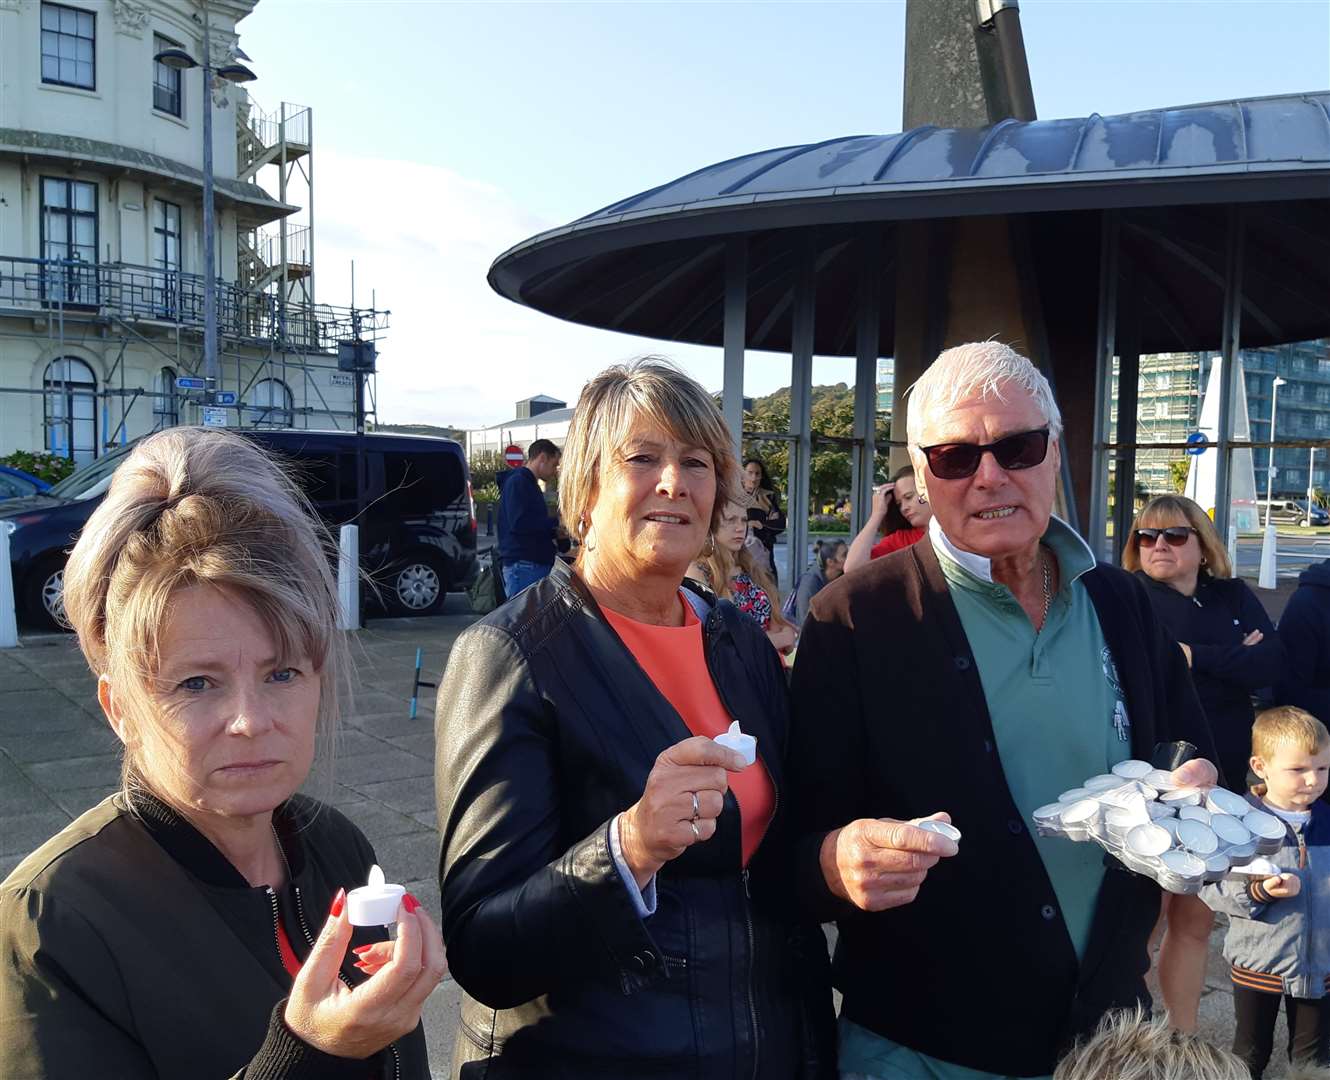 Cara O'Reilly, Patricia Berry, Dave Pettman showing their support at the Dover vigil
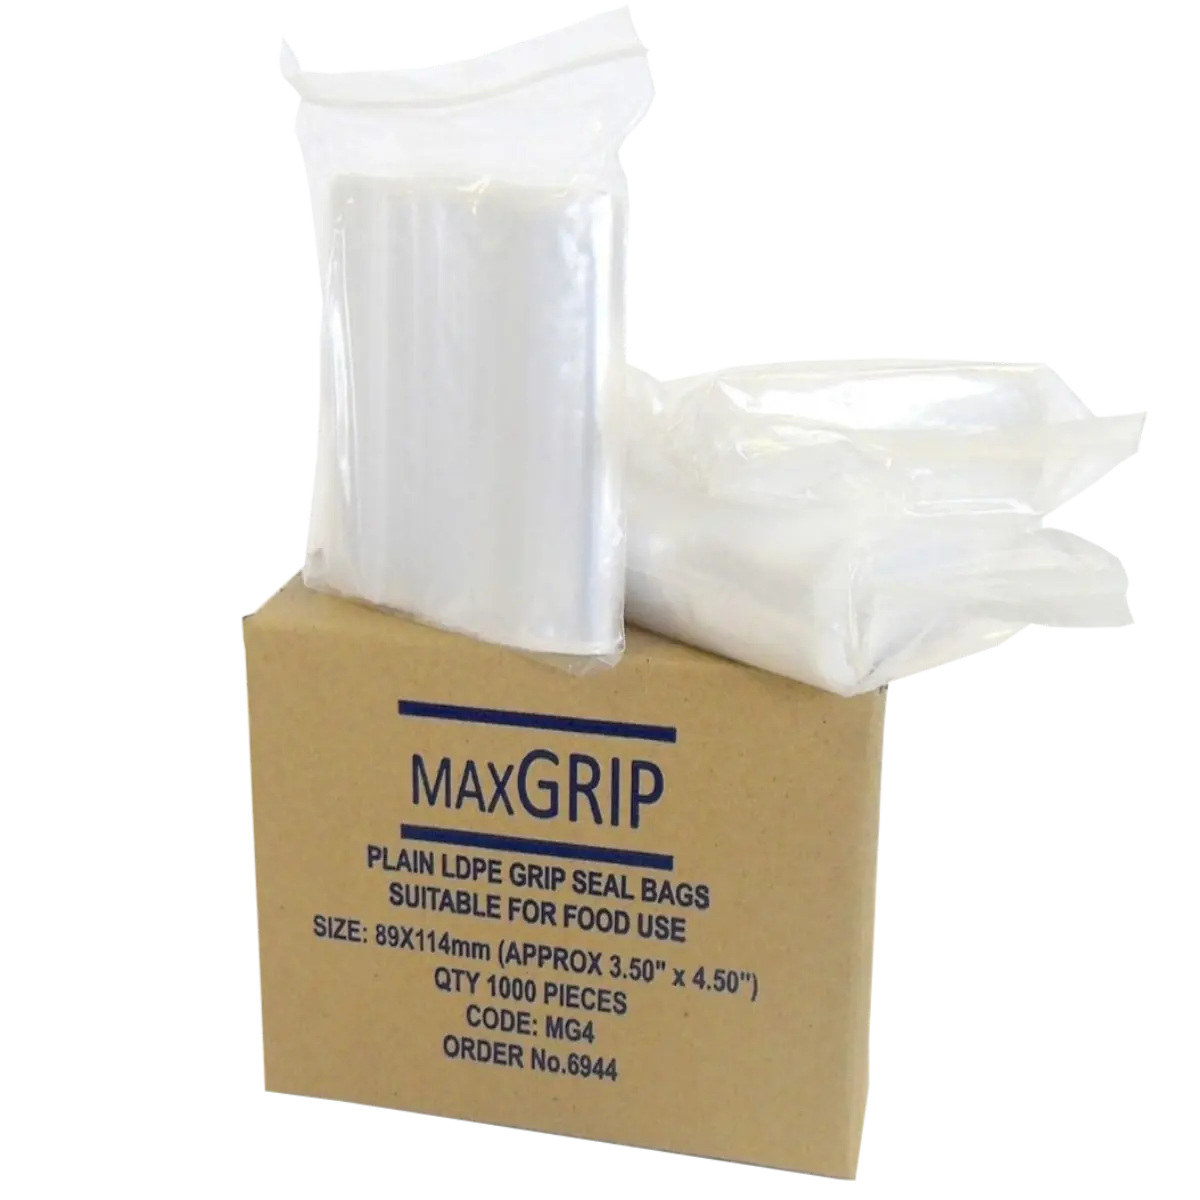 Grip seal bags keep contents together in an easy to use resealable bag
==
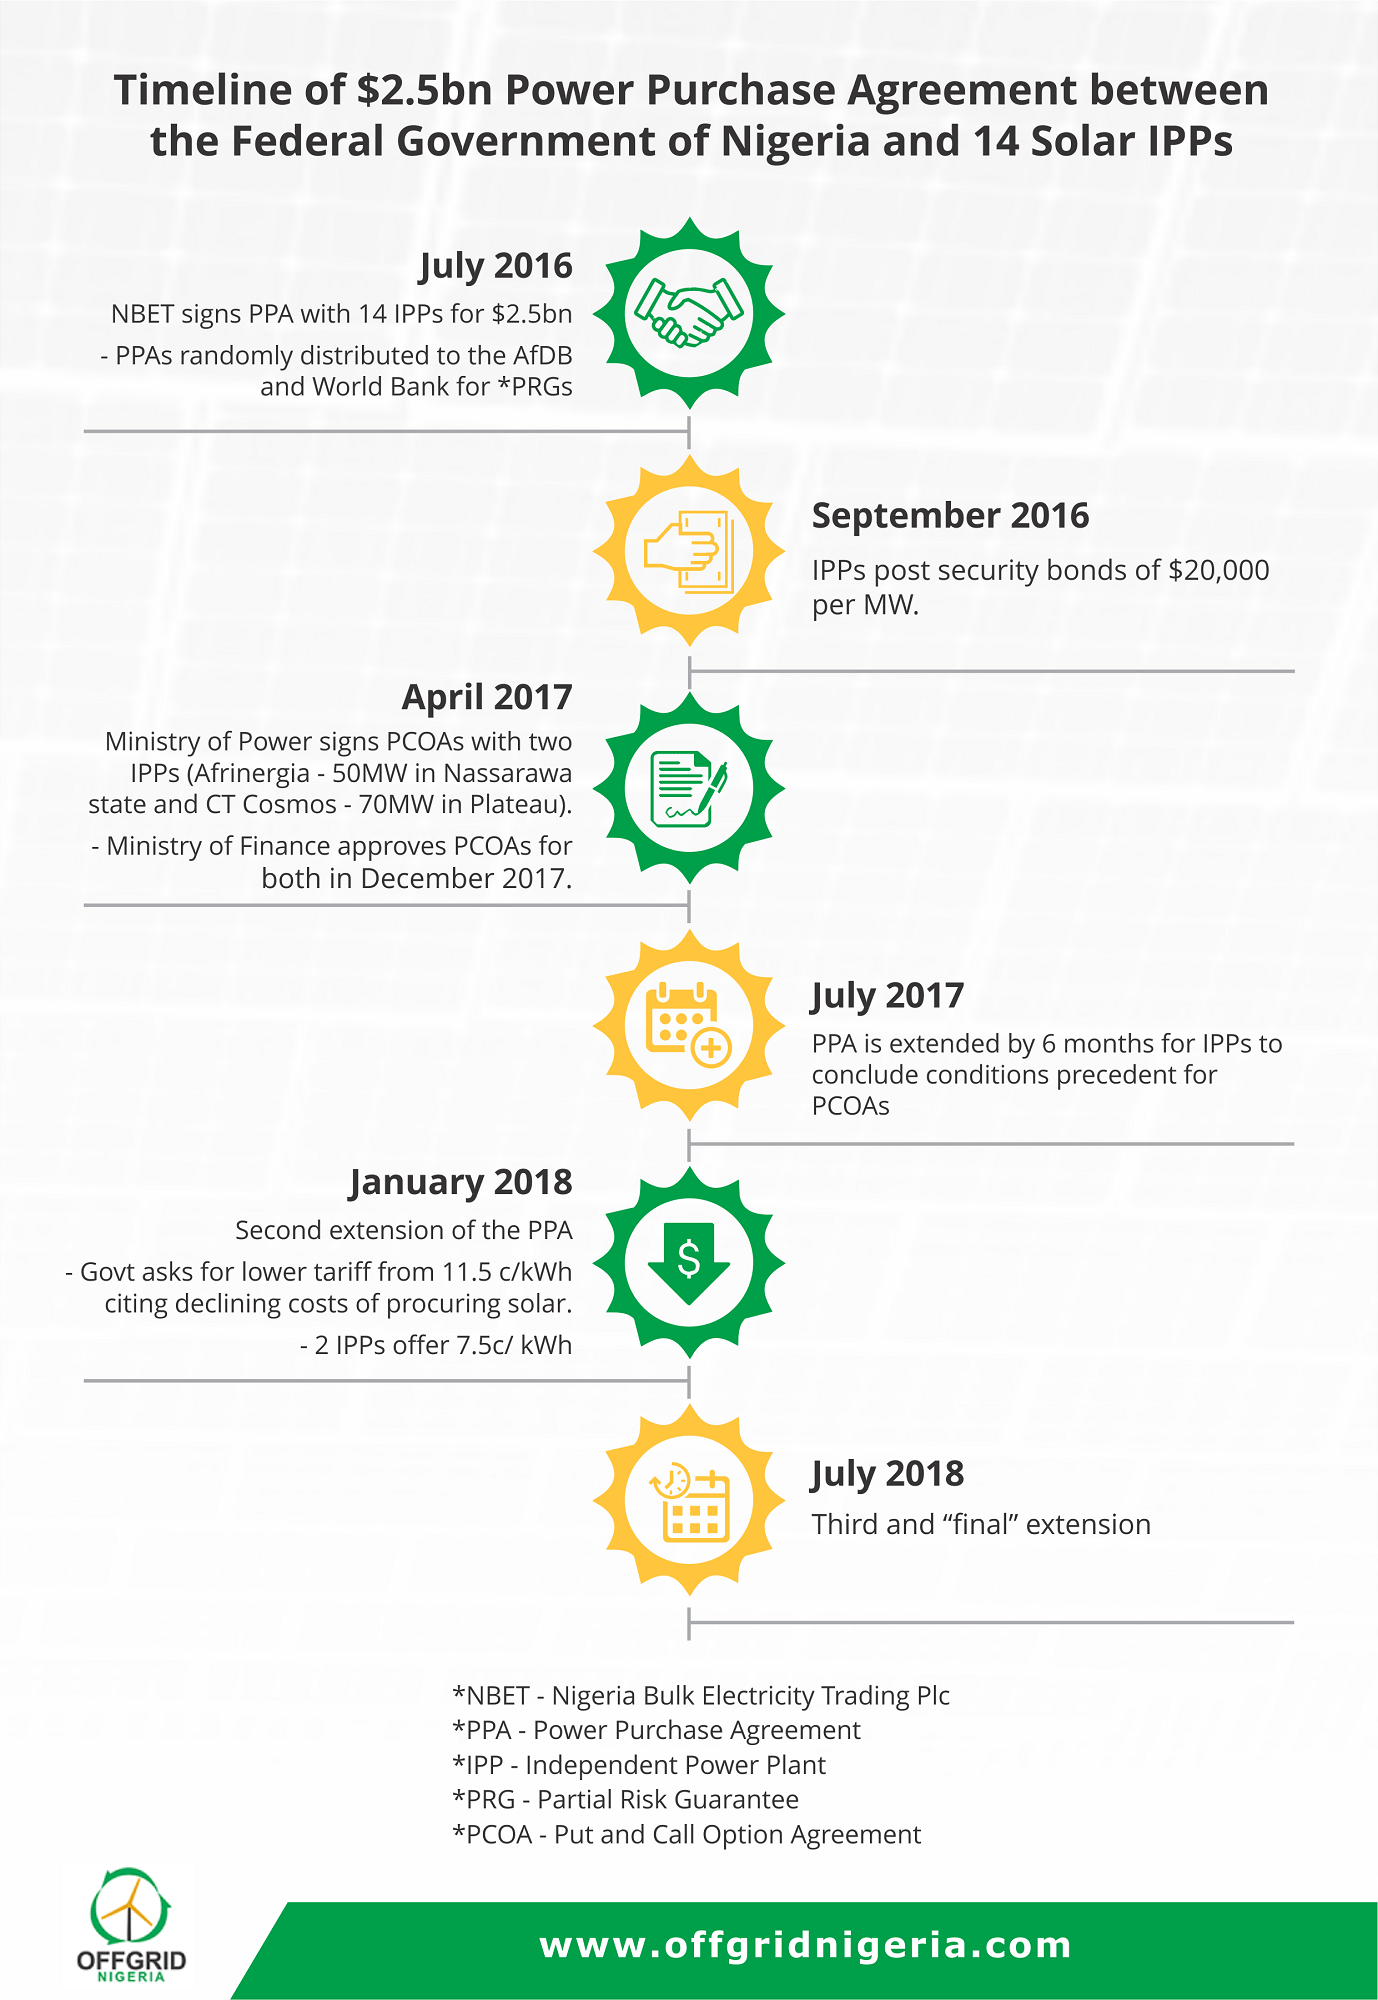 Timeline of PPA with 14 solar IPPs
==
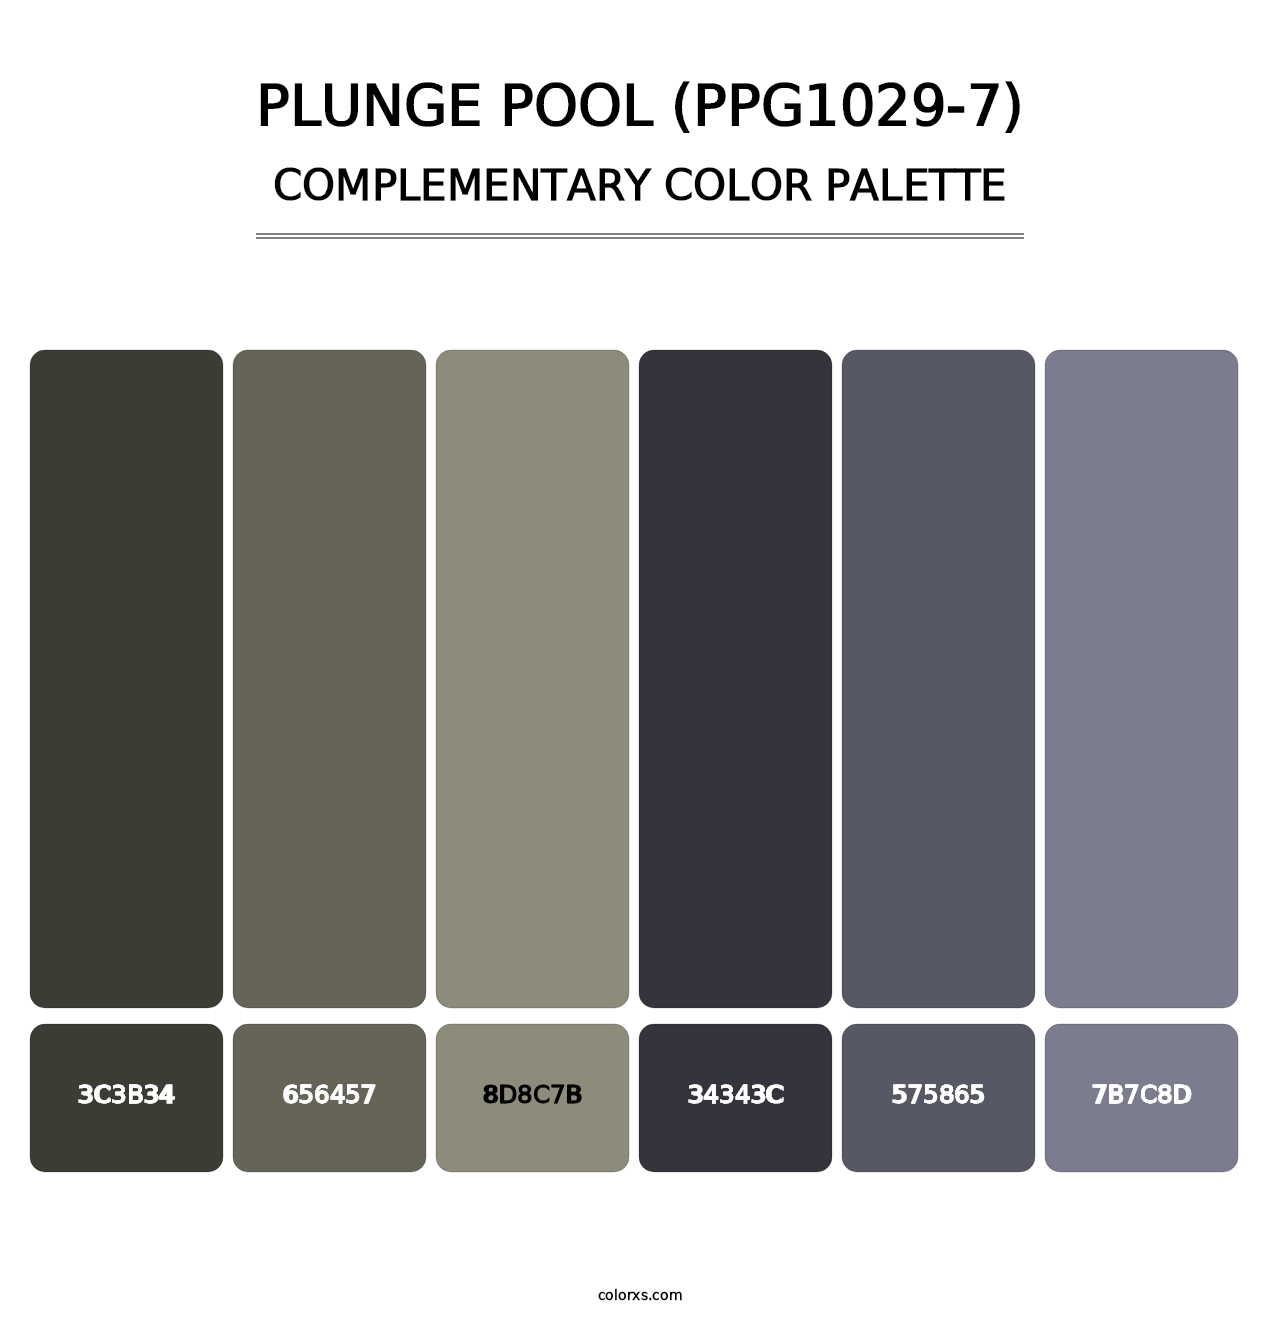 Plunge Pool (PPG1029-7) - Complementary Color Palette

§ Task directions
Above are records; repeat only the lines from the line with "Cara O'Reilly, Patricia" through the line with "Grip seal bags", and leave pictures out.

§ Result of the task
 Cara O'Reilly, Patricia Berry, Dave Pettman showing their support at the Dover vigil
 Grip seal bags keep contents together in an easy to use resealable bag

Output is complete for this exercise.